Sylvie Richard-Bessette, professeure de psychologie, Cégep André-Laurendeau et chargée de
cours aux départements de psychologie et de sexologie de l’UQAM: «Les comportements
sexuels des femmes et des hommes : sélection naturelle ou sélection sociale?»
Selon des recherches sur le choix du partenaire sexuel, les femmes hétérosexuelles
accorderaient une grande importance au statut social des hommes qui, de leur côté,
s’intéresseraient davantage à l’apparence physique des femmes. Les hommes entretiendraient
également des attitudes plus permissives à l’égard de la sexualité et pratiqueraient une sexualité
plus active que les femmes. Pour plusieurs chercheurs, ces résultats confirment les postulats de
la psychologie évolutionniste selon lesquels les comportements sexuels sont le produit de la
sélection naturelle. Le développement de stratégies sexuelles distinctes aurait permis aux
hommes et aux femmes de s’adapter aux contraintes biologiques liées à la reproduction. Ces
hypothèses sont non seulement populaires auprès des scientifiques mais elles trouvent aussi un
large écho dans les médias renforçant ainsi la croyance que la sexualité humaine est
essentiellement déterminée par les gènes. Une analyse critique des données empiriques sur la
sexualité des femmes et des hommes sera présentée. Nous aborderons également le rôle de
l’apprentissage dans la sexualité. Enfin, nous nous demanderons dans quelle mesure les théories
évolutionnistes contribuent à maintenir un double standard sexuel.

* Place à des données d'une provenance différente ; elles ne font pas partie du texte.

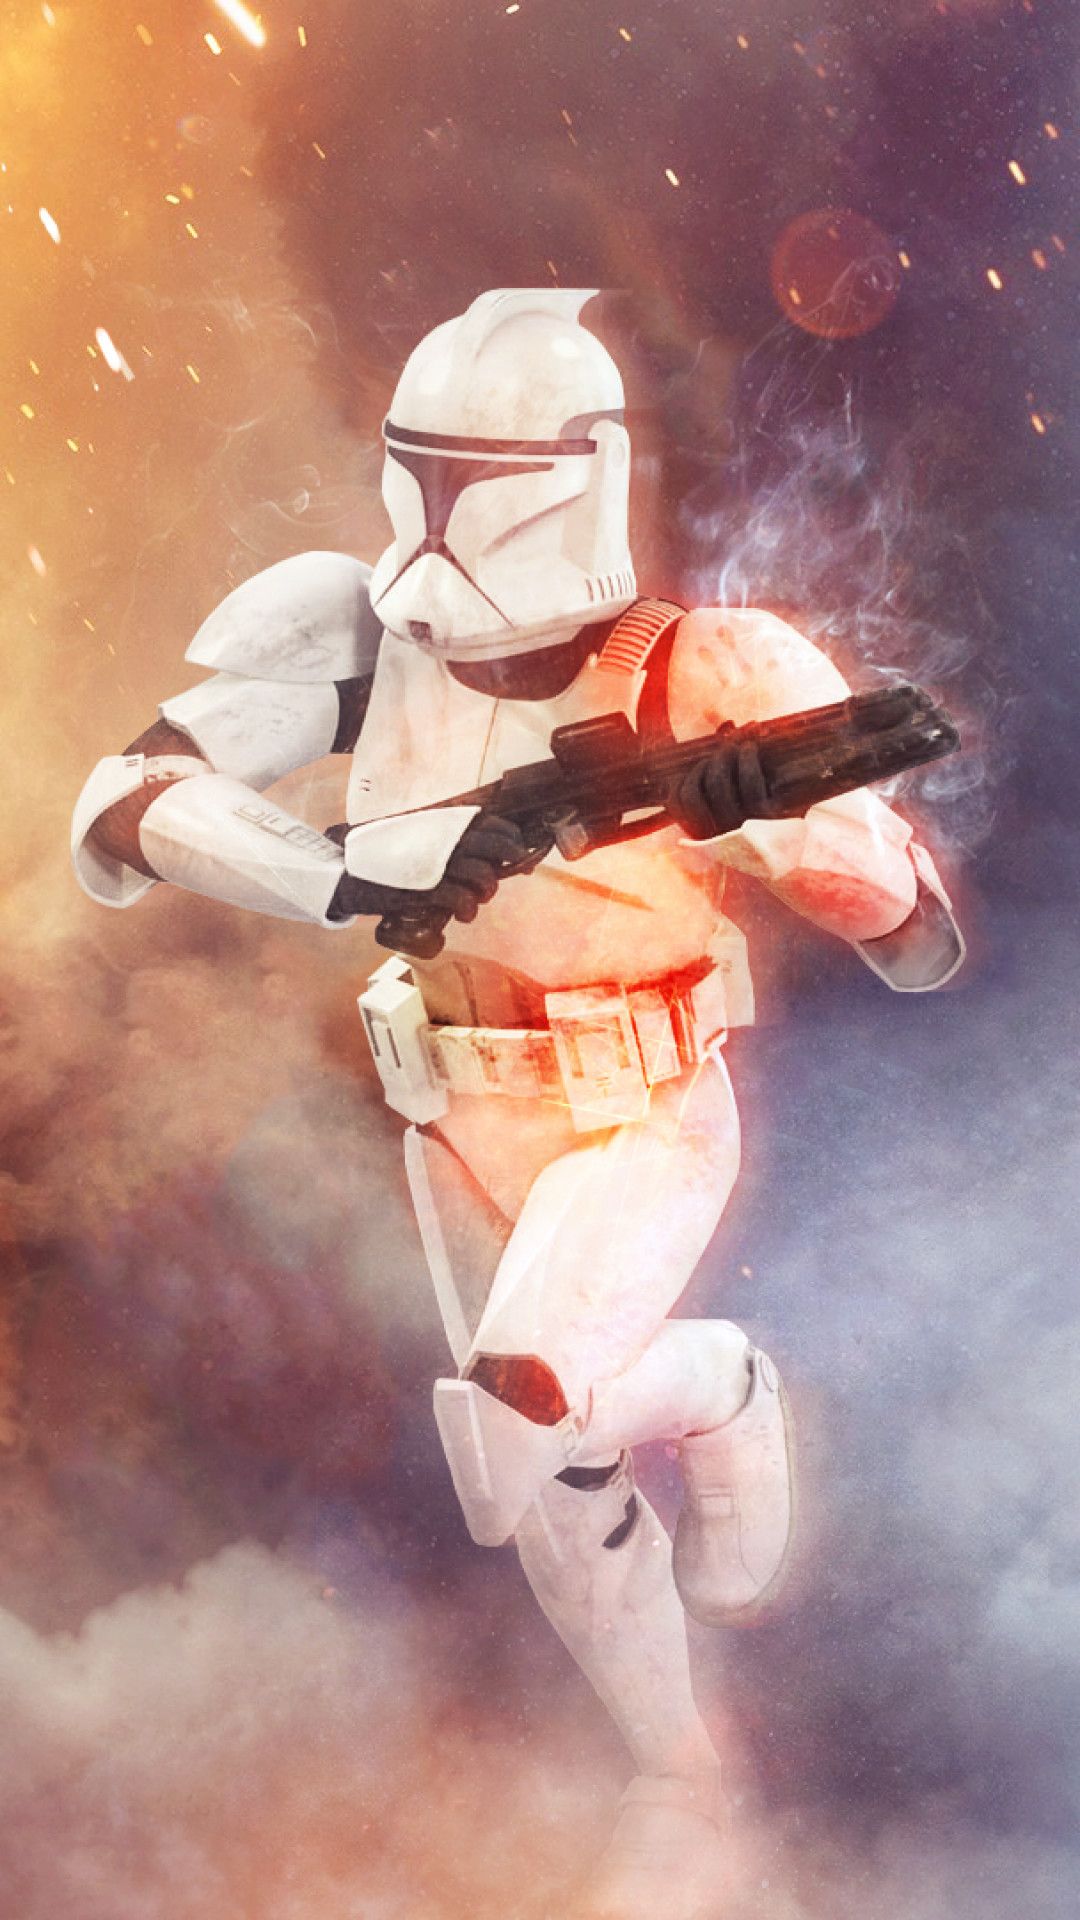 1080x Amazing Background Of The Day Wars Clone Trooper Wallpaper iPhone

Chantal Maillé, professeure à l’Institut Simone de Beauvoir, Université Concordia : «Malaises
dans le genre, ou comment le féminisme, la biologie et les hormones constituent un mélange
explosif»
La question du genre se pose encore et toujours dans le projet du féminisme, hésitant
entre différentes propositions. Dans cette communication, nous proposons d’explorer deux
courants féministes d’interprétation du genre, soit défaire le genre (Butler), ou encore le
subvertir (Bourcier). Nous exposerons également les rapports problématiques entre féminisme
et biologie, qui se sont surtout manifestés par un refus en bloc de tout discours biologisant. Si
un certain discours cristallise les guerres de frontière entre les genres, d’autres problématiques,
comme la déconstruction du binôme genre/corps sexué, viennent troubler l’entreprise de
définition du genre. Quels sont les enjeux politiques de la différence des sexes? Et en quoi les
questions d’intersectionnalité entre genre, race, classe et autres marqueurs identitaires
viennent-elles apporter de nouvelles pistes à la réflexion sur genre et biologie?